The U.S. Financial Enforcement Crimes Network (FinCEN) has released a rulemaking proposal that places identification requirements and amount restrictions for transactions involving self-hosted crypto wallets. CEOs of crypto exchanges and advocacy groups have already criticized the rule, claiming that it would throttle innovation in the nascent industry and place onerous requirements on their businesses.
Self-hosted or unhosted wallets are not provided by a financial institution or crypto service, residing instead on a user's computer or offline. While crypto exchanges are required to verify customer identity and store records for their wallet services under the Banking Secrecy Act (BSA), self-hosted wallets largely function outside the scope of this act. Such wallets are considered the prime conduits for illicit activities and money laundering using cryptocurrencies. According to FinCEN, approximately $119 billion in suspicious activity related to cryptocurrencies was reported last year.
Key Takeaways
- The financial crime watchdog FinCEN's new rulemaking proposal for transactions involving self-hosted wallets requires crypto businesses to identify customers and store records for transactions over a certain amount.
- The proposal also prohibits structuring, or the practice of breaking down a large financial transaction into several smaller ones.
- Critics of the proposal say it infringes on citizens' civil liberties.
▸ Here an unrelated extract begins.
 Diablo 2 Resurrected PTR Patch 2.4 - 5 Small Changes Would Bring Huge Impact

What Are the Rule's Details?
FinCEN's proposed rule would place similar restrictions on self-hosted crypto wallets as those required by BSA. The rule is titled Requirements for Certain Transactions Involving Convertible Virtual Currency or Digital Assets, and it is similar to the so-called Travel Rule implemented by the Financial Action Task Force (FATF). It requires banks and financial institutions to collect user identification information and report details for transactions over certain amounts involving self-hosted wallets.
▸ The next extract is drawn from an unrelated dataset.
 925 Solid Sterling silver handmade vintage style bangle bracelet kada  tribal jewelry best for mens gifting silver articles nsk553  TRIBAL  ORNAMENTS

The rule requires crypto businesses and banks to report customer coordinates and identification to the agency for transactions greater than $10,000 with unhosted wallets. It also requires crypto exchanges and services to store records and customer identification information for transactions that are over $3,000 and less than $10,000 between crypto exchanges and unhosted wallets.
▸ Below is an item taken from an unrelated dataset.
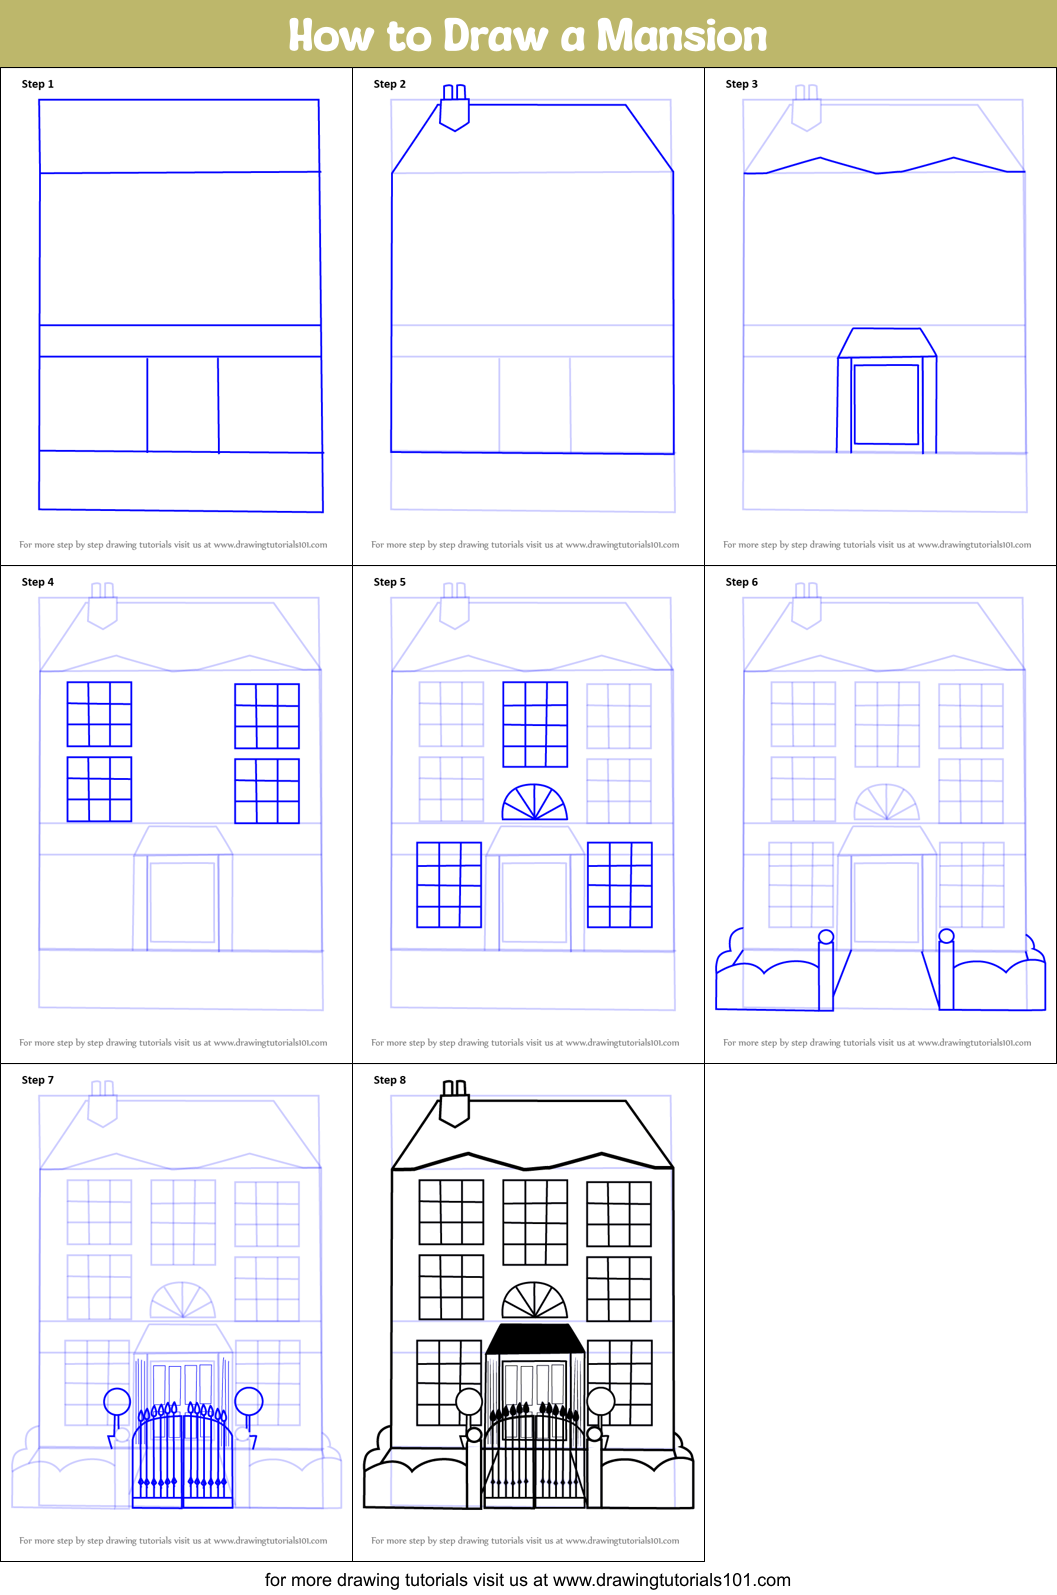 How to Draw a Mansion printable step by step drawing sheet

FinCEN has also taken aim at structuring – a tactic used to disguise large cryptocurrency transactions by breaking them down into several small ones between unhosted wallets and crypto exchanges. To prevent this practice, FinCEN is proposing that crypto businesses store records of such transactions and not allow them to exceed $10,000 within a single given day.
A Surveillance State?
Critics of the rule say that it infringes on civil liberties because it disallows anonymous transactions using self-hosted wallets. Marta Belcher, a civil rights activist, raised the specter of a surveillance state in an interview with Coindesk. "There are photos from the Hong Kong protests of long lines at the subway stations as protestors waited to purchase tickets with cash so that their electronic purchases would not place them at the scene of the protest. These photos underscore that a cashless society is a surveillance society; that is why the ability to import the anonymity of cash to the digital world is so important for civil liberties," she told the publication. Others, including Coinbase CEO Brian Armstrong, have already added to growing chorus against it.
To be sure, their fears, at least in the context of the United States, may be unfounded for the time being. In its proposal, the agency stated that, if enacted, the rule would be applicable to wallets not subject to the Banking Secrecy Act (BSA) and located in a foreign jurisdiction. The initial foreign jurisdiction list consists of Burma, Iran, and North Korea, according to the agency.